“A stack of them, six feet high!” he gasped—not quite as high as the Old South meeting house steeple! “He let me look through them and I found it, a capital design! I told him so. He said—— Here! wait a minute!” he shouted, suddenly, to the porter, and I, straining my ears, was forced to wait. “Allow me to assist you!” I saw him lift his hat; there was a tone of recognition in his voice.

It was a tall, awkward figure, in a cashmere shawl and carrying an ancient carpet-bag, that he helped upon the hastily restored gangplank even as the steamer’s wheels were ready to turn.

“If ever I’m ketched so far from home ag’in!” murmured Loveday, as she set her foot upon the steamer.

CHAPTER XI
A DIPLOMATIC EFFORT

Loveday retired at once, with a lemon, although the harbor was as smooth as a mill-pond. She was not in the mood for confidences and vouchsafed only the pessimistic declarations that she was “an old idiot,” and that “in this world folks wa’n’t generally no better’n they pretended to be, and ’twas foolish to try to wind a gauze round ’em.”

Loveday was human and homesick, and her honest old heart ached, I knew, with disappointment. She was very tired, too, having thriftily walked to the steamboat wharf and missed her way several times. So I was forced to forgive her for arriving just in time to interrupt young Carruthers, as he was telling me about Dave’s design. That it was Dave’s design I had no doubt from the young man’s manner. Dear Dave! whatever he had done no one could say that he was not bringing forth works meet for repentance now.

It was tantalizing not to know what Mr.
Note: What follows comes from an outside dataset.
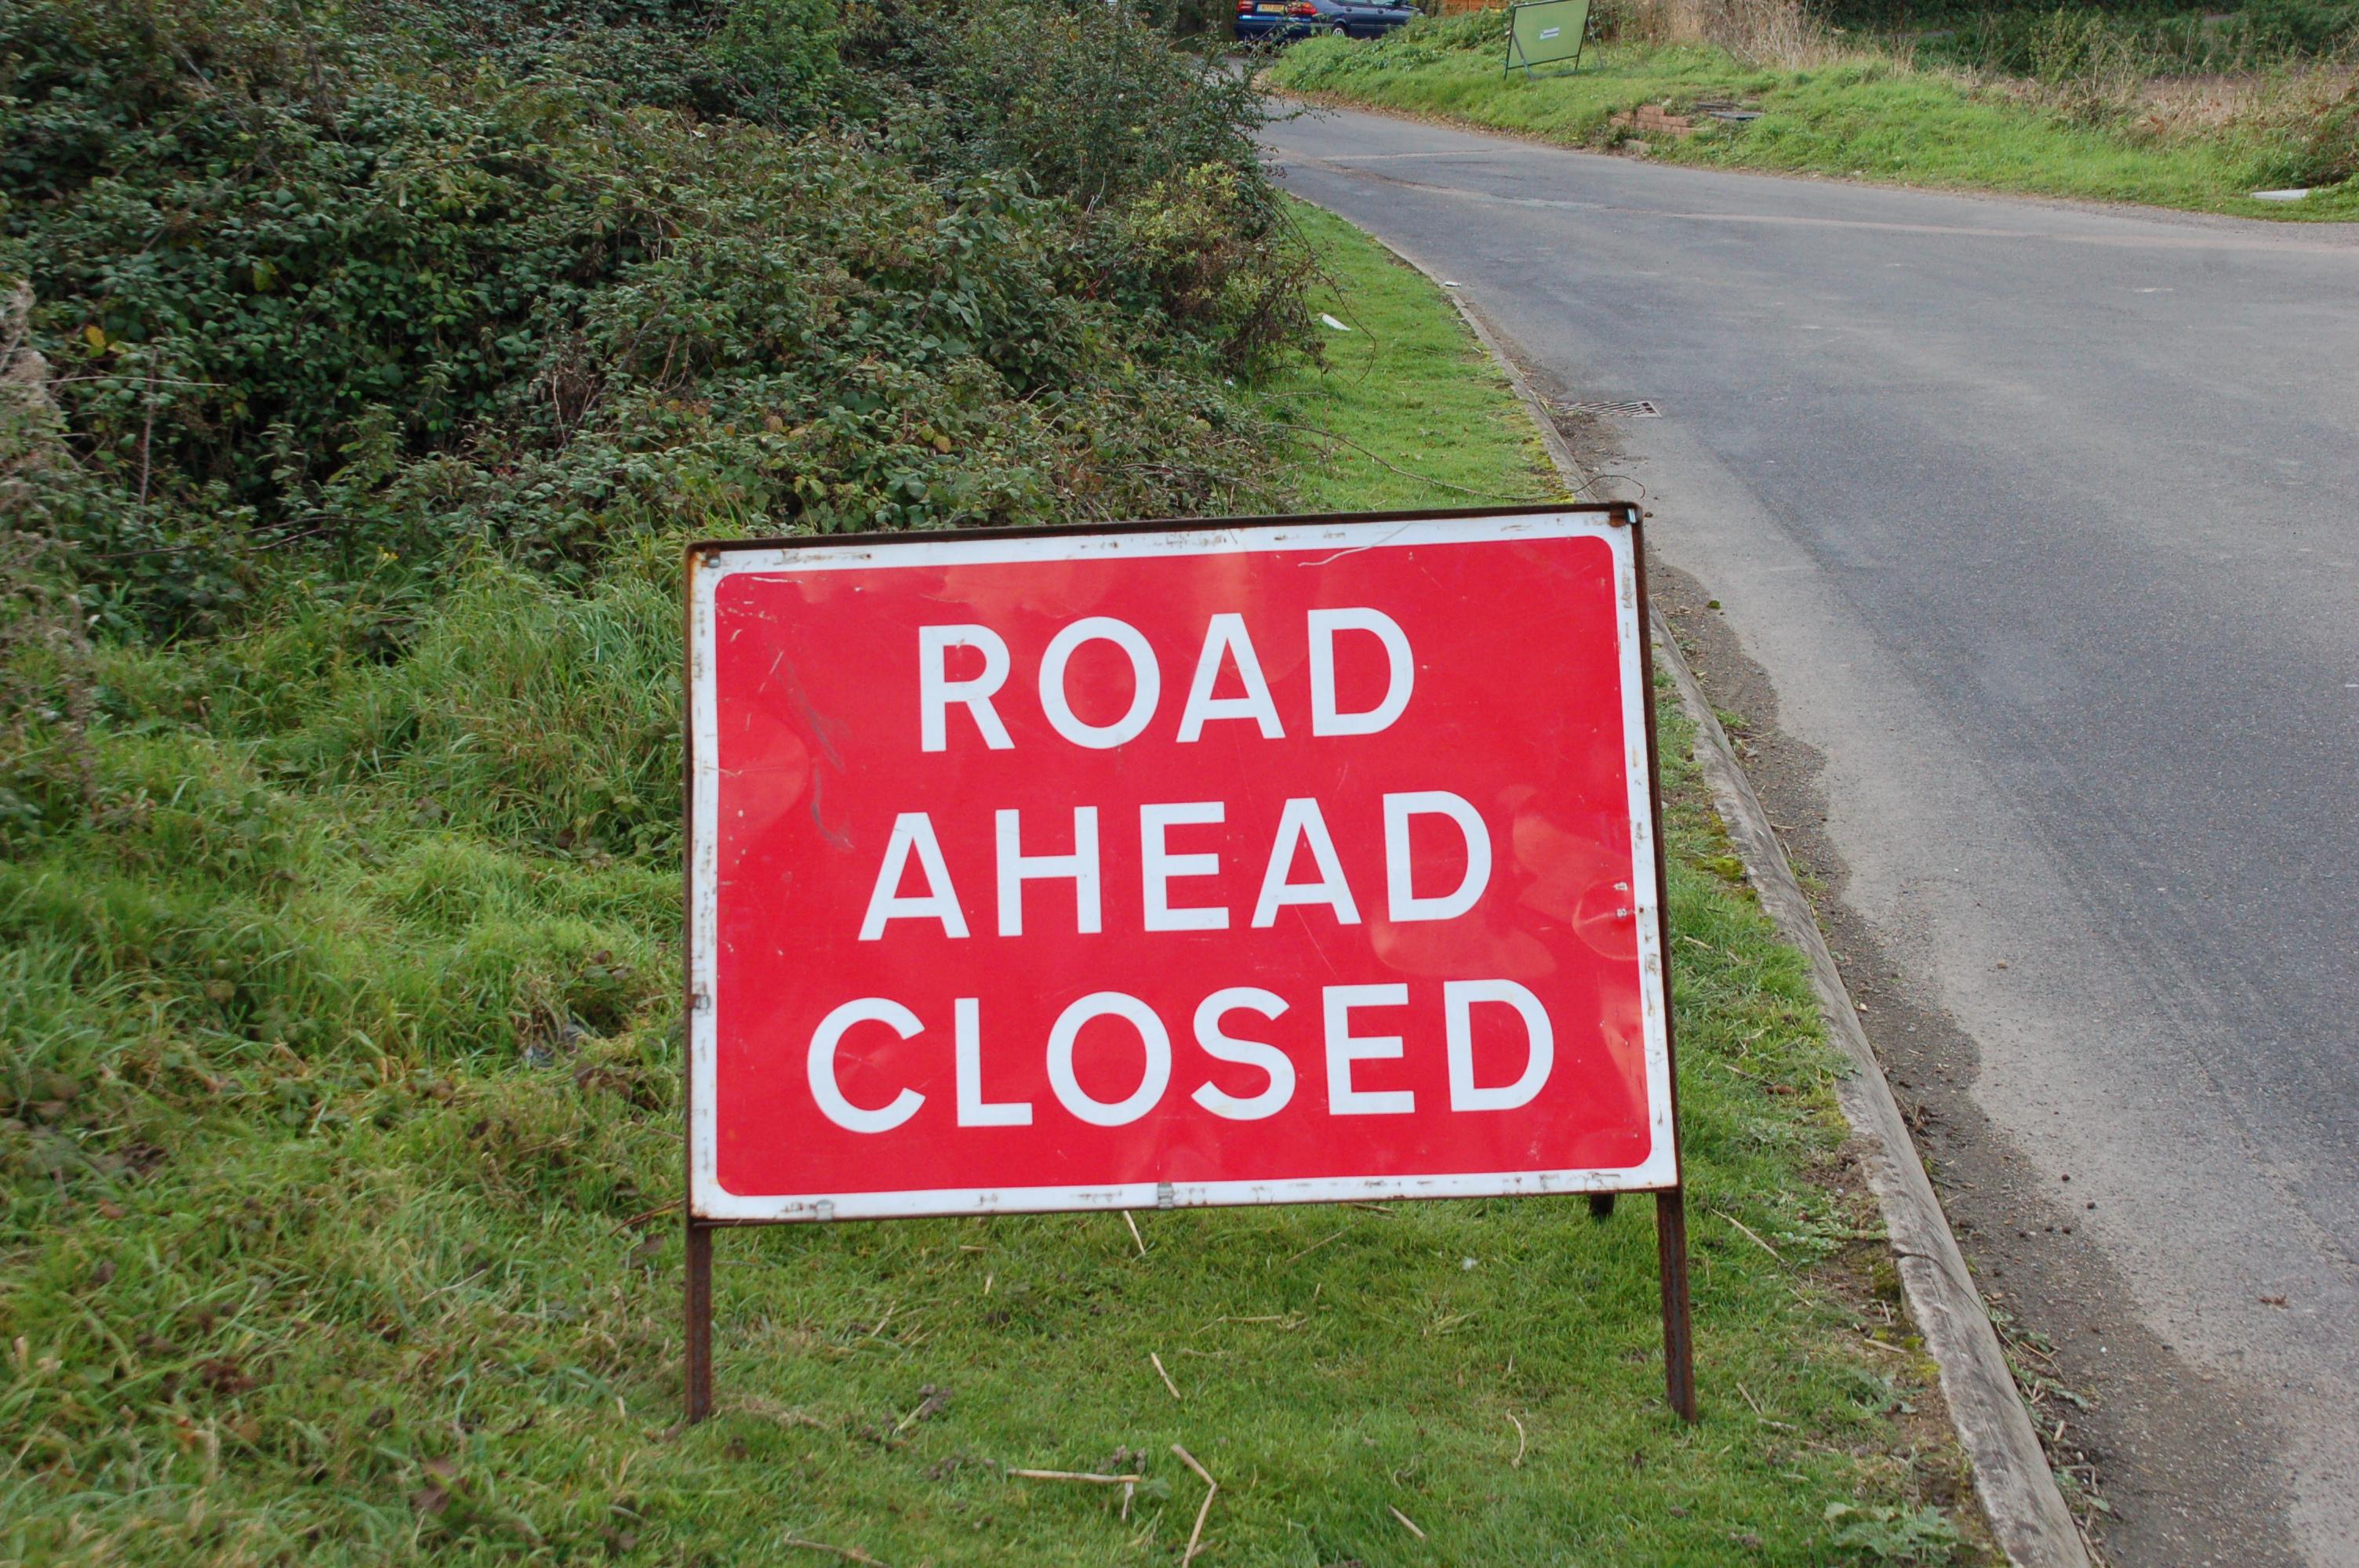 KCC Highways is closing Tonbridge Road in Pembury

Solomon Salter had said about the design. Perhaps Ned Carruthers would write and tell me; he had certainly shown himself very friendly. He was covered with dust from head to foot; people had stared at him on the wharf, a young man in such fashionable attire and so unkempt. It was presumably the result of his search through the “stack” of designs. Drawings were consigned, it seemed, to the same prolonged and dusty oblivion as manuscripts.
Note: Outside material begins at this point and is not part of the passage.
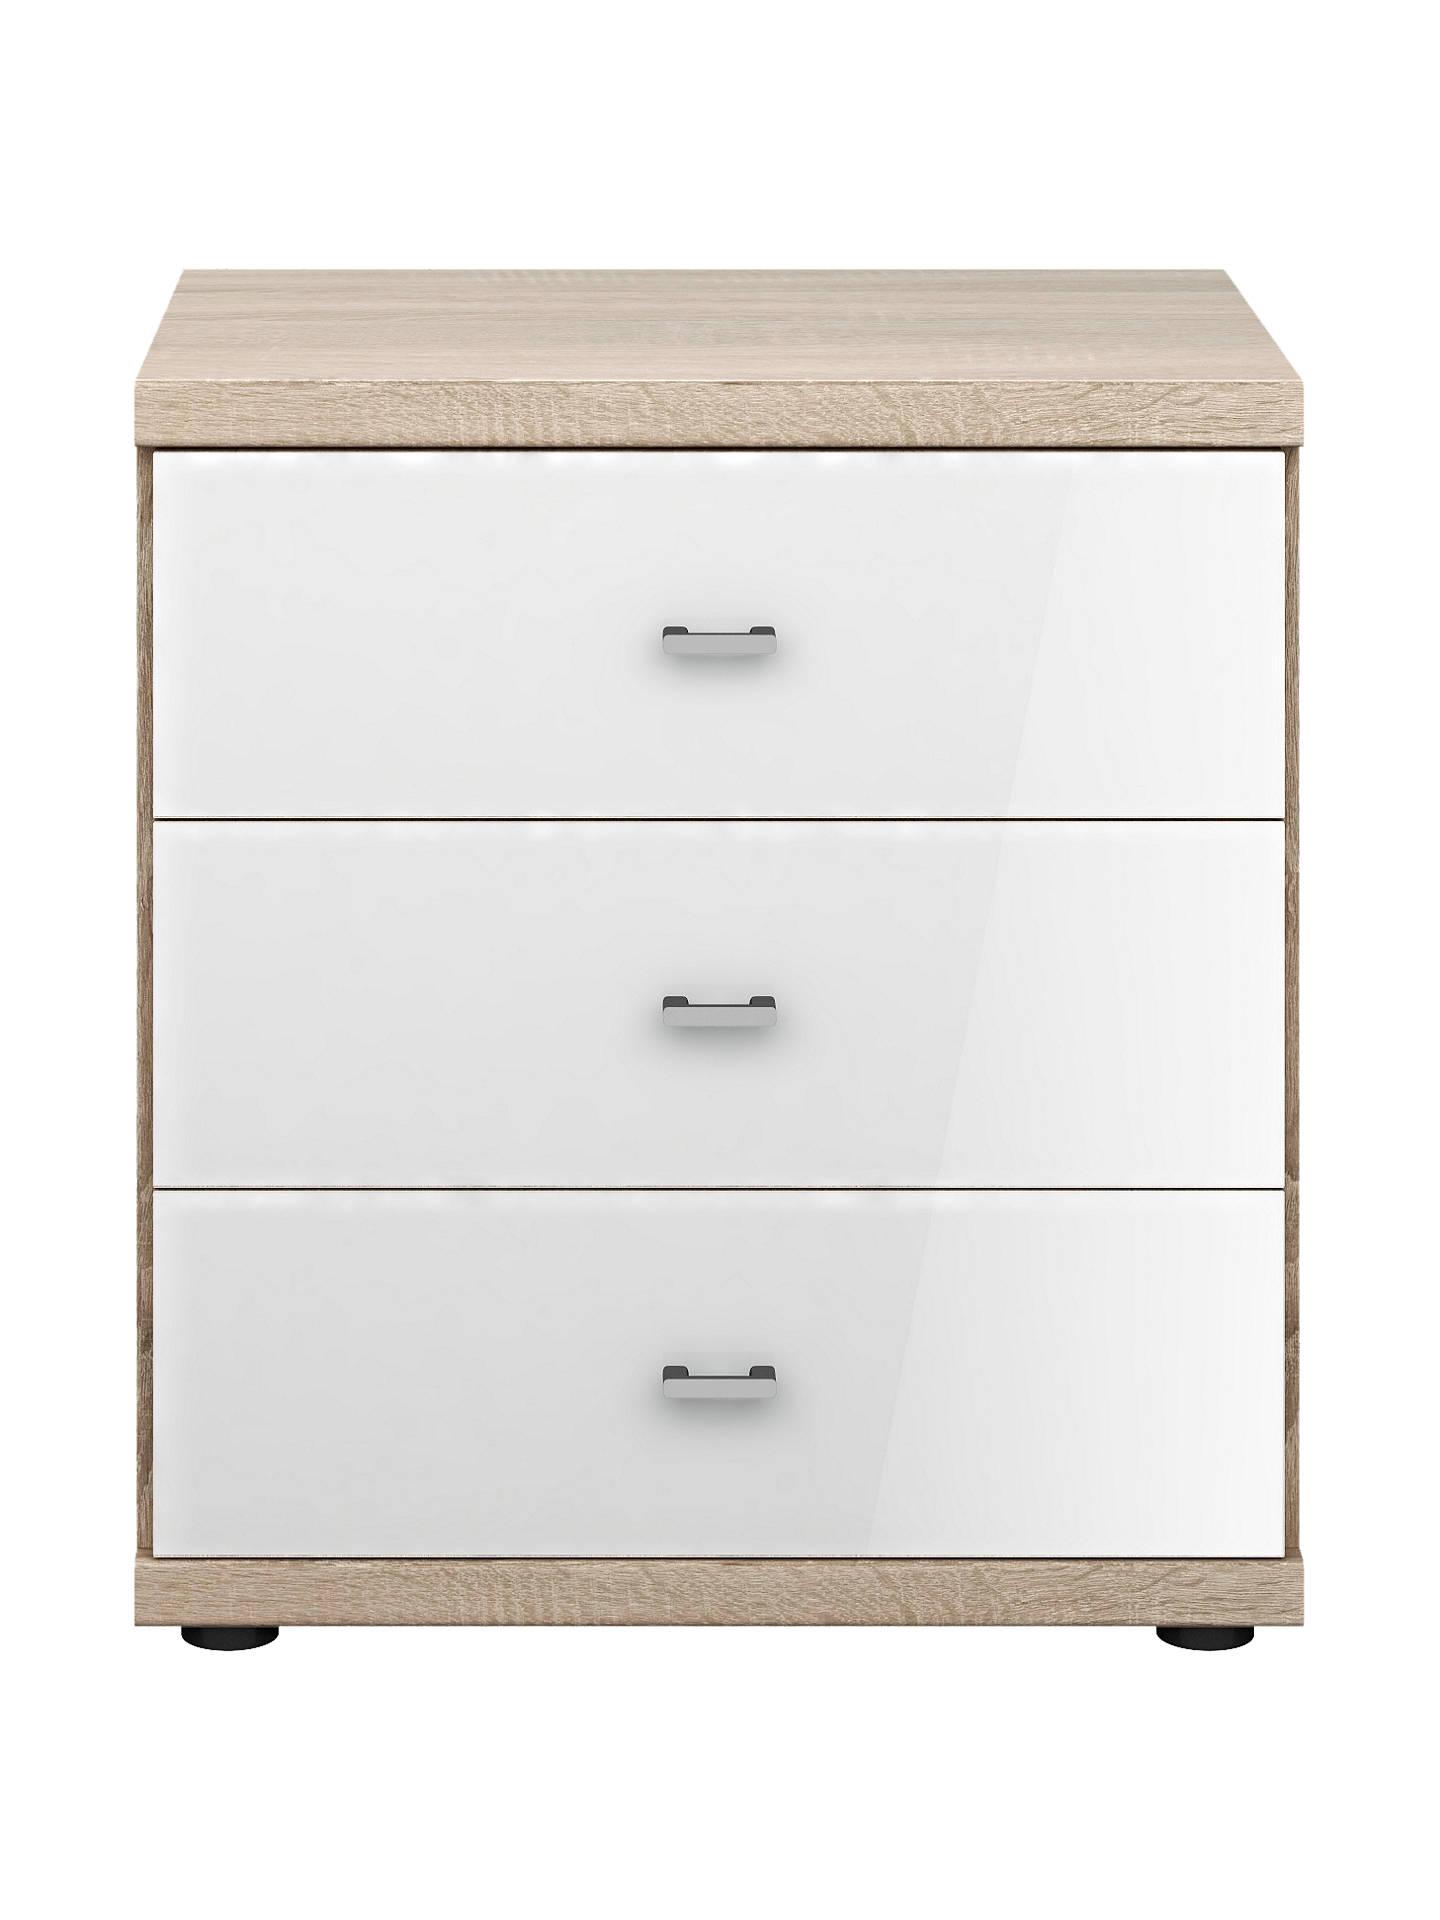 John Lewis Partners Satis Gl Front 3 Drawer Bedside Table White Light Rustic Oak

Perhaps this friendly act might be regarded as a work meet for repentance on Ned Carruthers’ part. Certainly, my heart warmed toward the young man.

I kept Dave’s secret. When he succeeded would be time enough to have it known. When he succeeded, I said to myself, with perfect confidence, even with a vision before my eyes of the great dusty stack of drawings. I thought I had caught a glimpse of how things worked together. As for Dave’s wrong-doing—I was not “winding a gauze” around it, but I realized that in God’s blessed providence one may sin and yet repent.

When we landed in the forenoon at the pier on our own pretty river, I went, traveling-bag and travel-stains and all, to the shipyard.